### DESCRIPTION OF THE TASK
Only the lines below from the one containing "Child blond sad" through the last line should be set down, exactly as written and with no pictures.

### PROVIDED MATERIAL
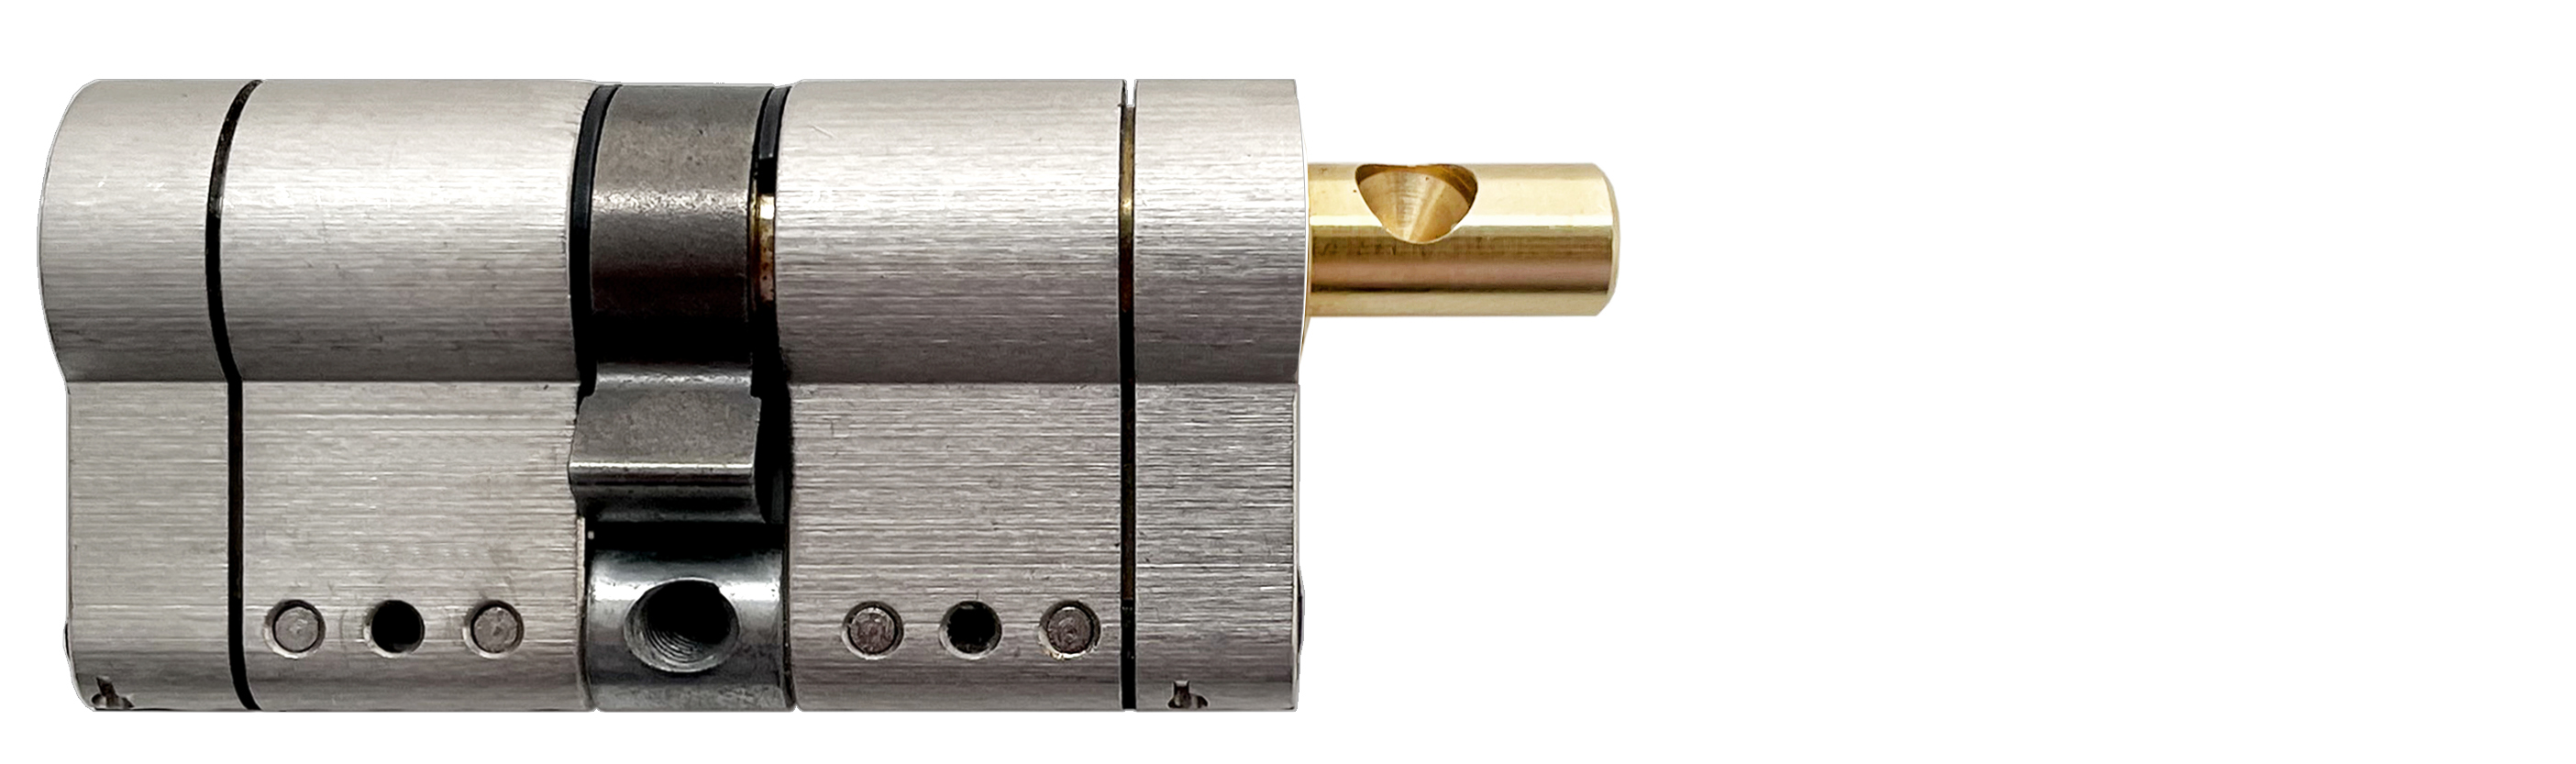 Цилиндр MOTTURA PRO 67(31+36)мм, ключ/вертушка, никель цилиндр mottura pro 87 41 46 мм ключ вертушка никель
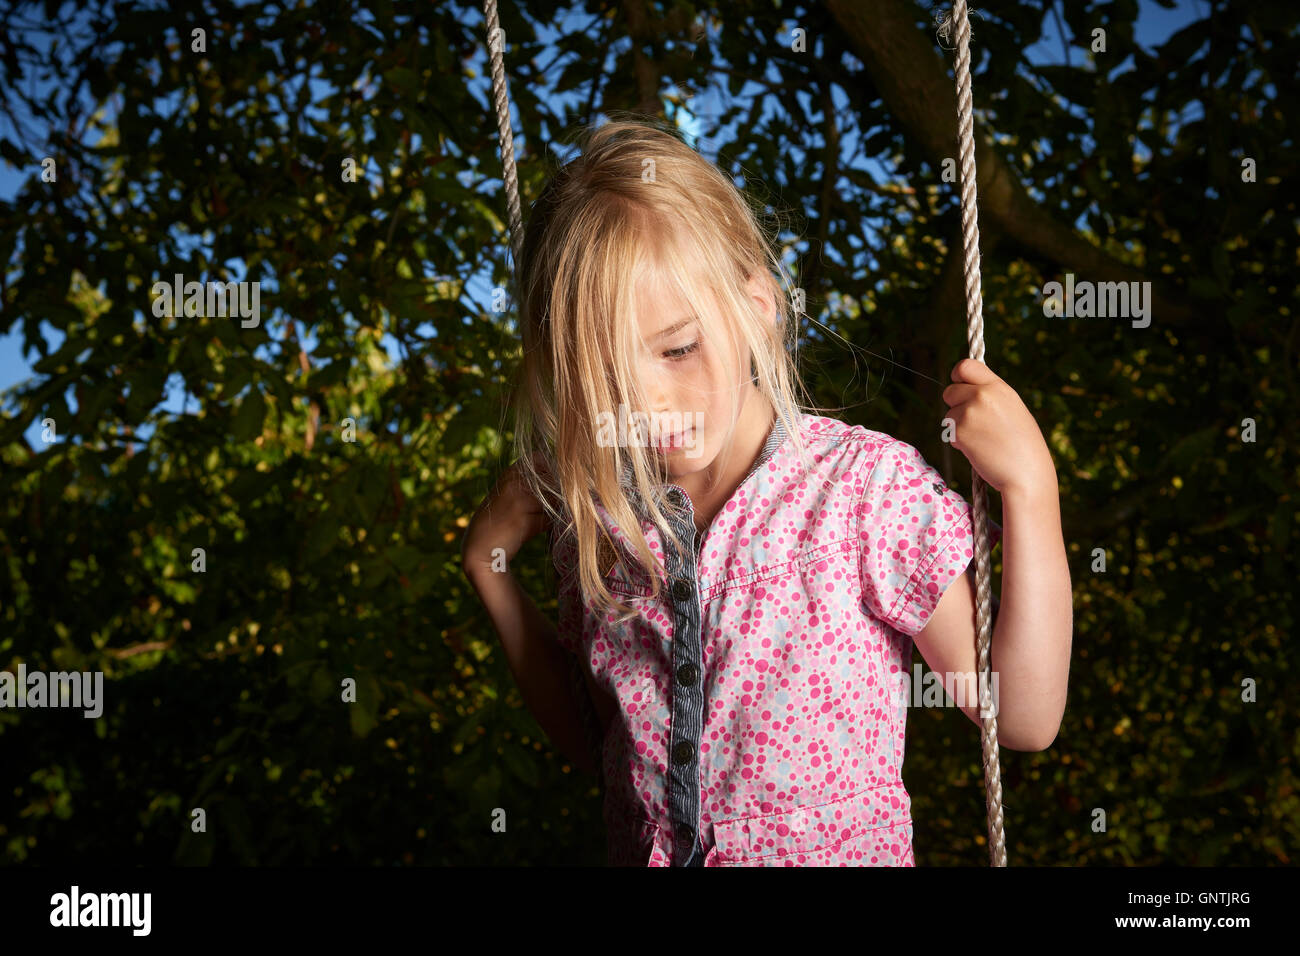 Child blond sad girl standing on swing. Stock Photo
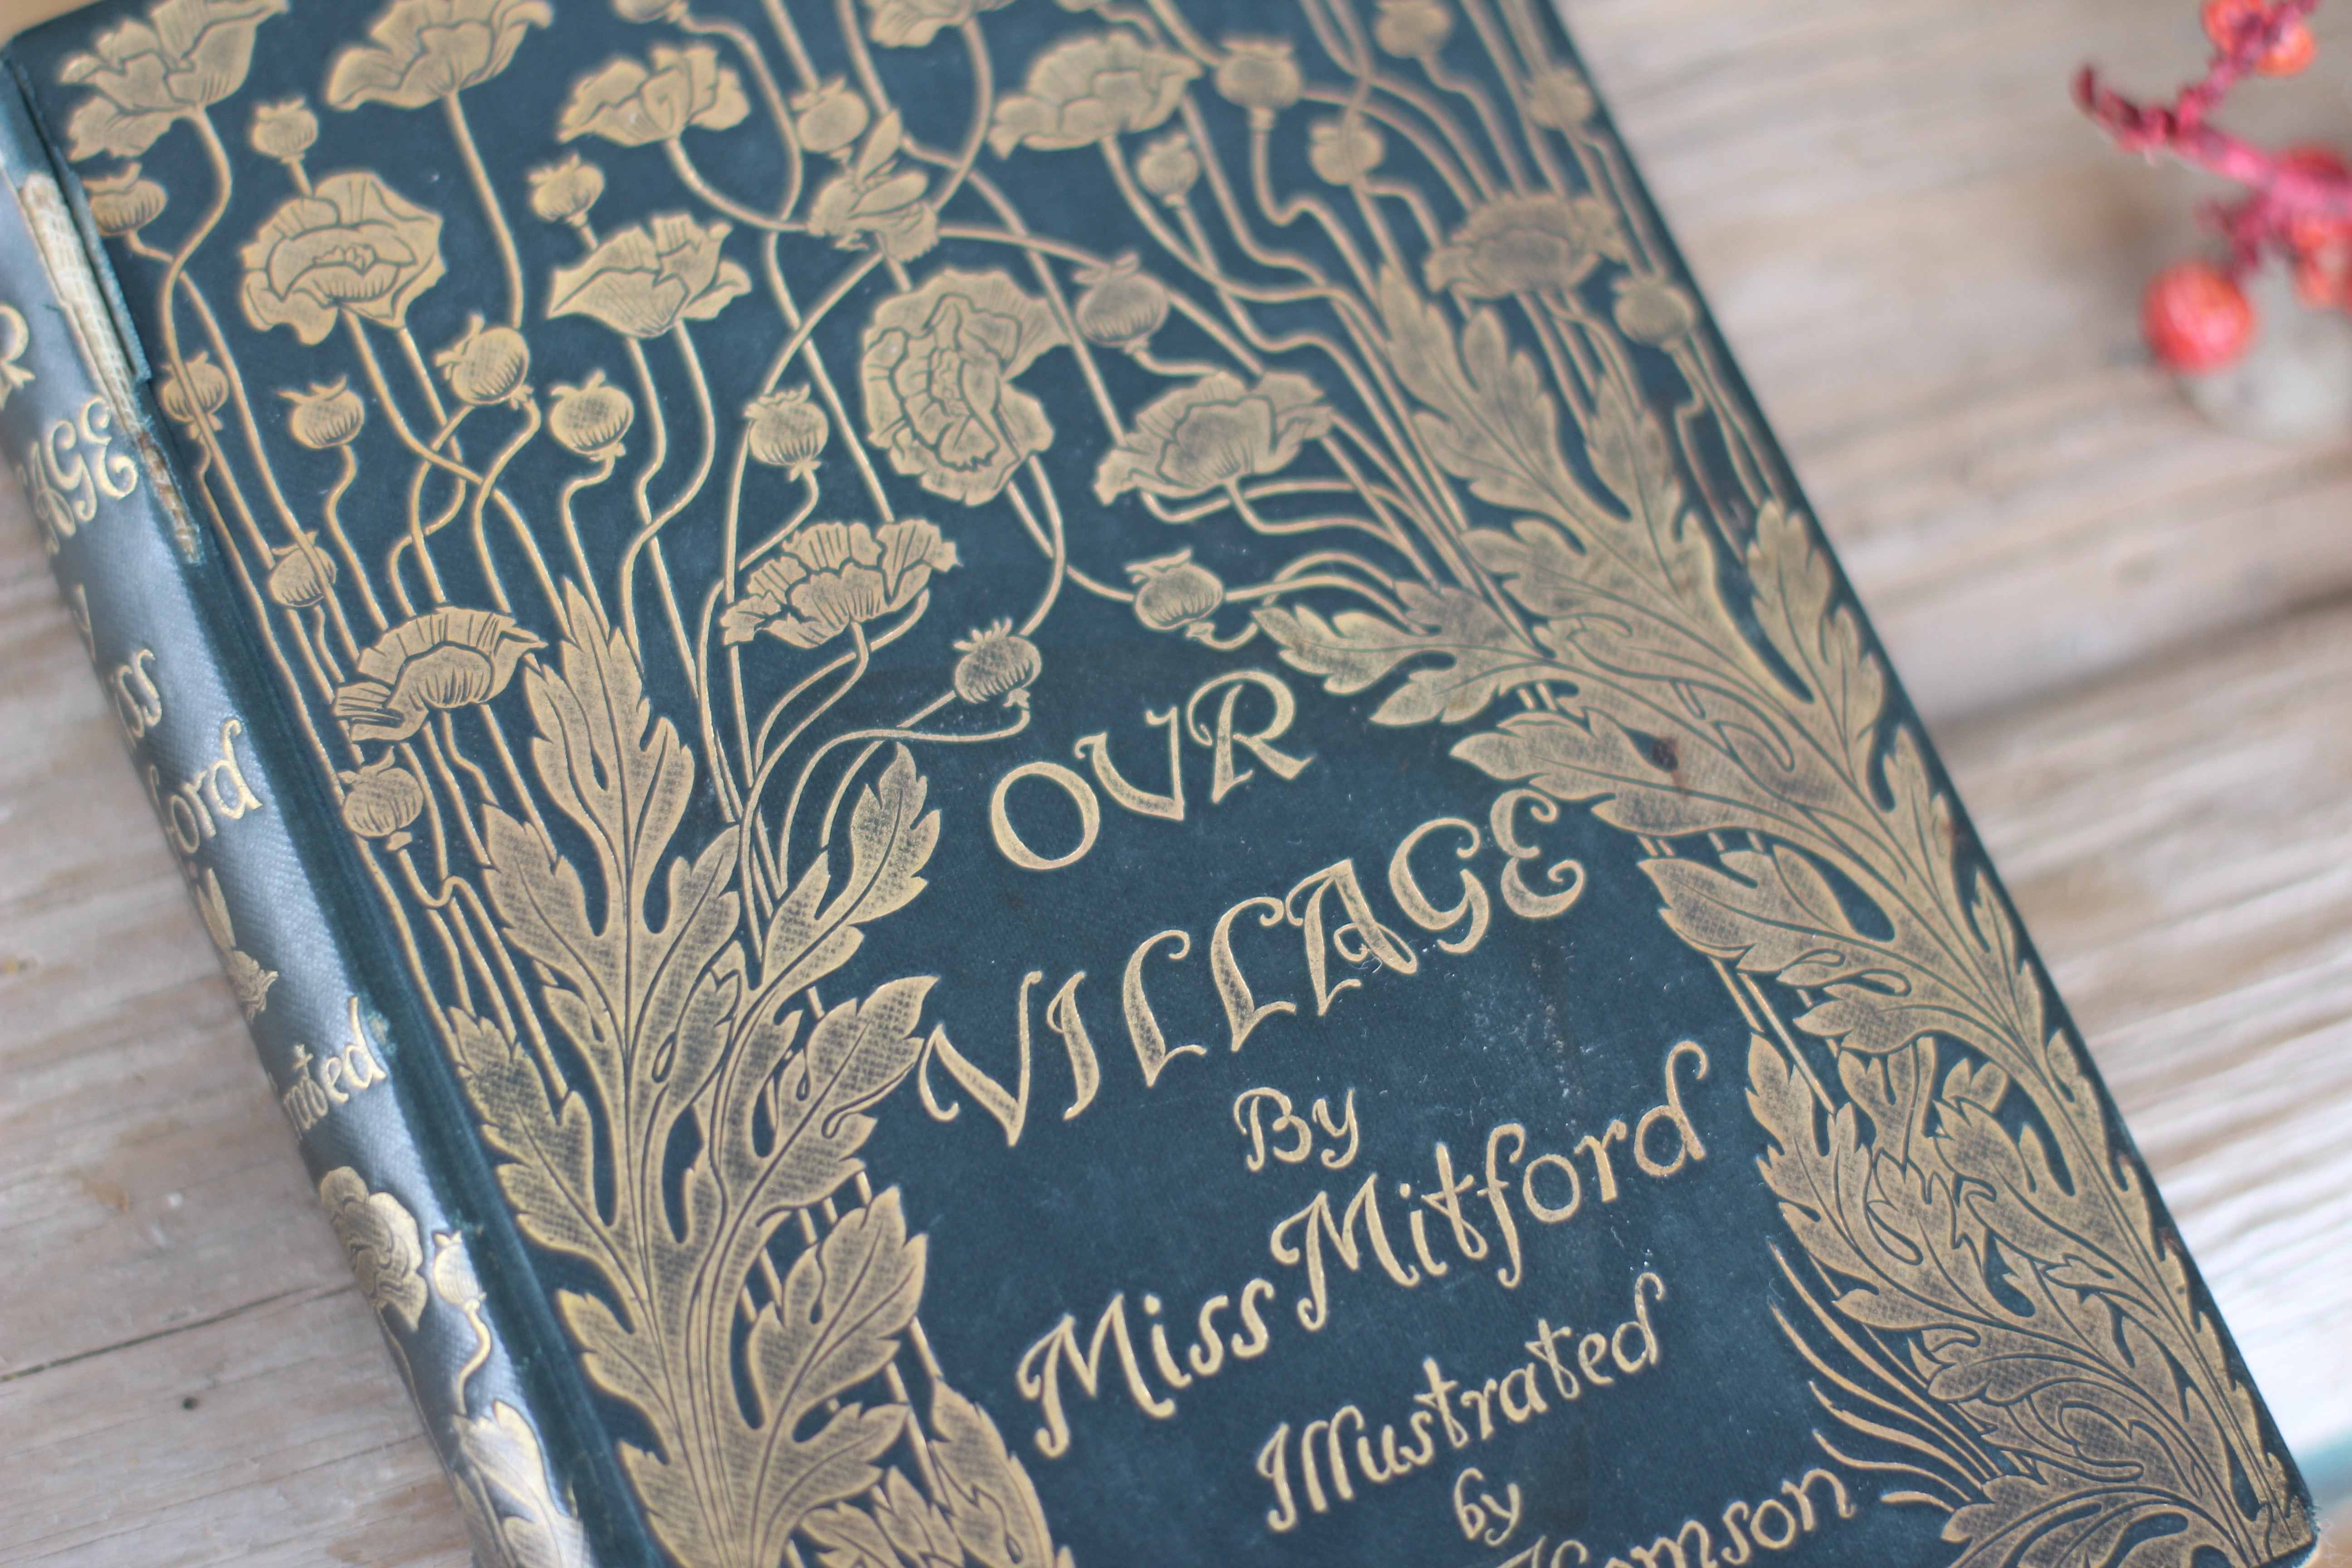 Antique Book, "Our Village" Miss Mitford Macmillan NY 1893 Hardback.

### WRITTEN REPLY
 Child blond sad girl standing on swing. Stock Photo
 Antique Book, "Our Village" Miss Mitford Macmillan NY 1893 Hardback.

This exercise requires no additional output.